Conséquences potentielles pour la communauté algérienne en France
Cette loi, bien que strictement interne à l’Algérie, pourrait avoir des répercussions indirectes sur la diaspora algérienne en France, forte de plusieurs millions de personnes (citoyens algériens, binationaux et descendants).
- Renforcement de l’identité mémorielle : Elle pourrait galvaniser un sentiment de fierté et de justice historique au sein de la communauté, favorisant des débats plus vifs sur la mémoire coloniale et renforçant les associations engagées sur ces questions.
- Risque de polarisation : En criminalisant l’apologie du colonialisme et la « trahison » (visant les harkis), elle pourrait raviver des divisions internes, notamment entre familles issues de la résistance et celles liées aux anciens auxiliaires français. Des tensions communautaires, déjà sensibles, pourraient s’accentuer.
- Impact diplomatique indirect : Dans un contexte de crise bilatérale (Sahara occidental, affaires consulaires), cette loi risque d’alimenter un climat de suspicion. Elle pourrait compliquer les relations communautaires en France, où certains discours politiques associent immigration algérienne et questions mémorielles, potentiellement augmentant les stigmatisations ou les crispations identitaires.

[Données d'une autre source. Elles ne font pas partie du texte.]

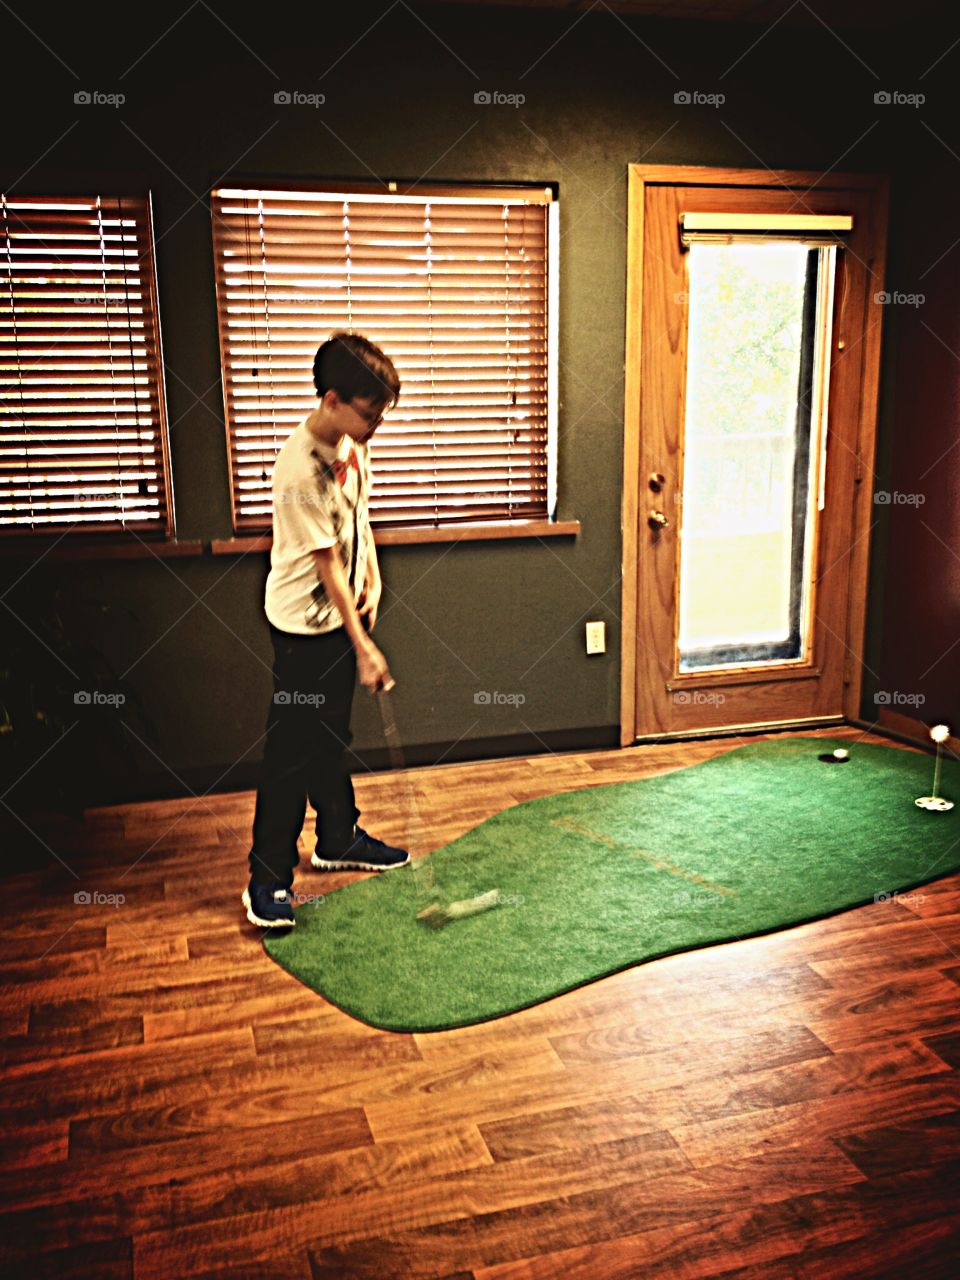 Putting practice while waiting for the eye doctor. 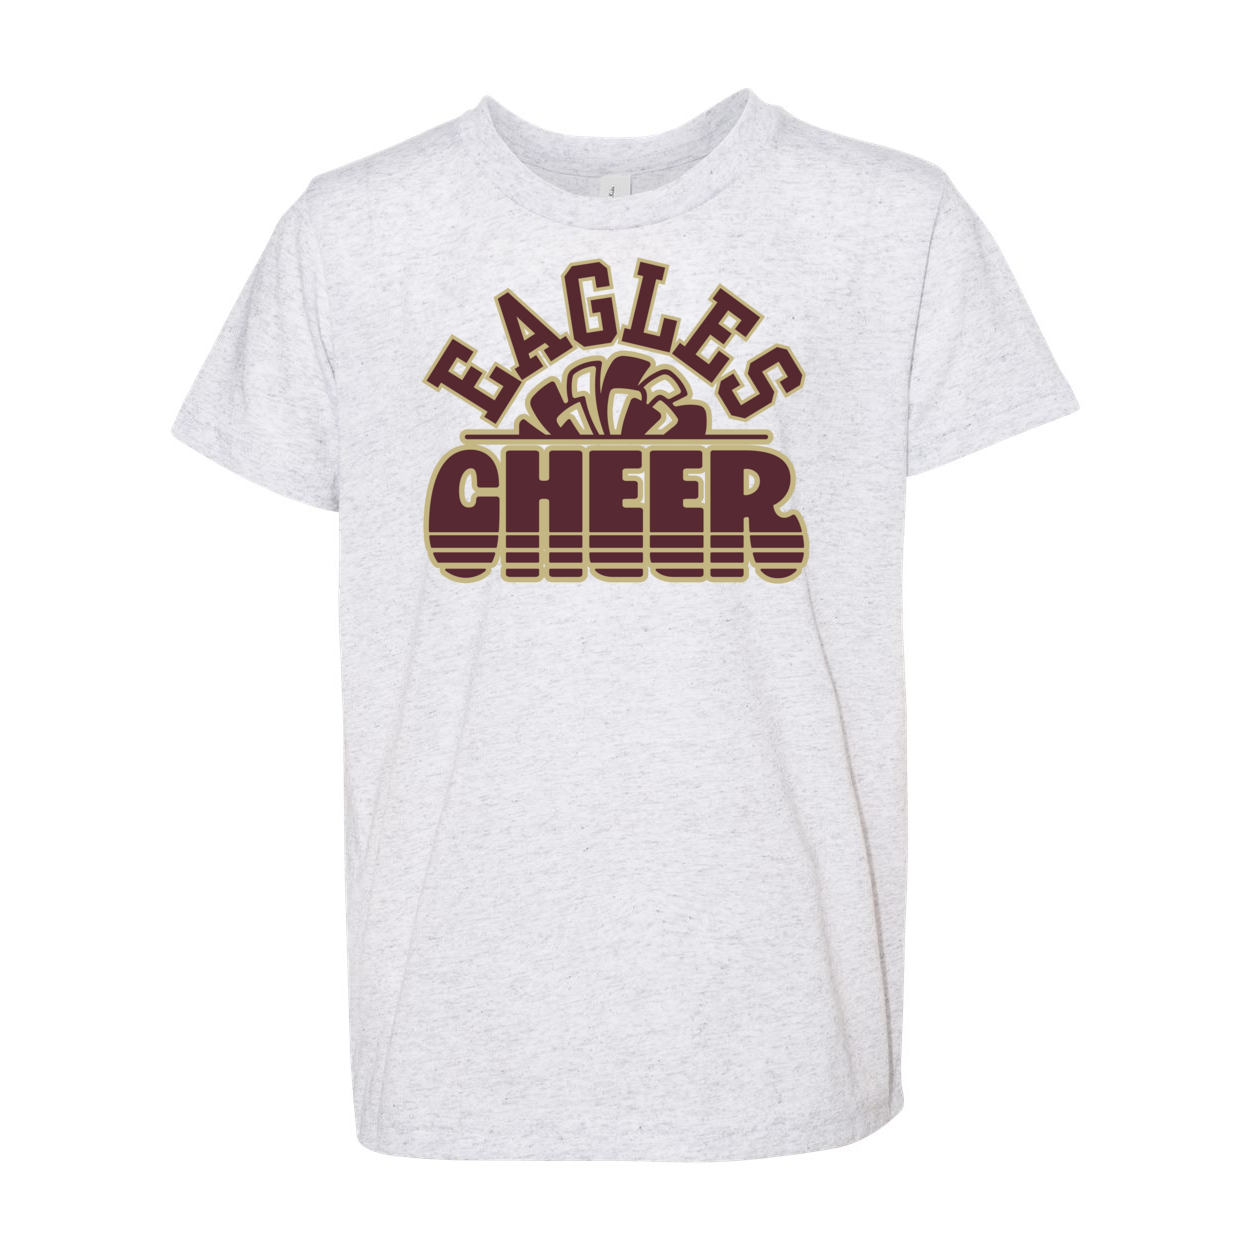 Youth Super Soft Eagles Cheer Short Sleeve Graphic Tee - New Albany Eagles

- Effet sur les binationaux et intellectuels : Le texte vise nommément des figures comme Boualem Sansal ou Kamel Daoud ou Farhat Mhenni, accusés en Algérie de positions pro-françaises. Pour les membres de la diaspora exprimant des vues nuancées sur l’histoire, cela pourrait créer un sentiment de pression morale, voire de surveillance depuis Alger.
En conclusion, cette loi marque une étape majeure dans la construction de la mémoire nationale algérienne, mais elle souligne aussi la persistance d’un contentieux historique profond, dont les échos résonnent jusqu’en France au sein de sa importante communauté d’origine algérienne.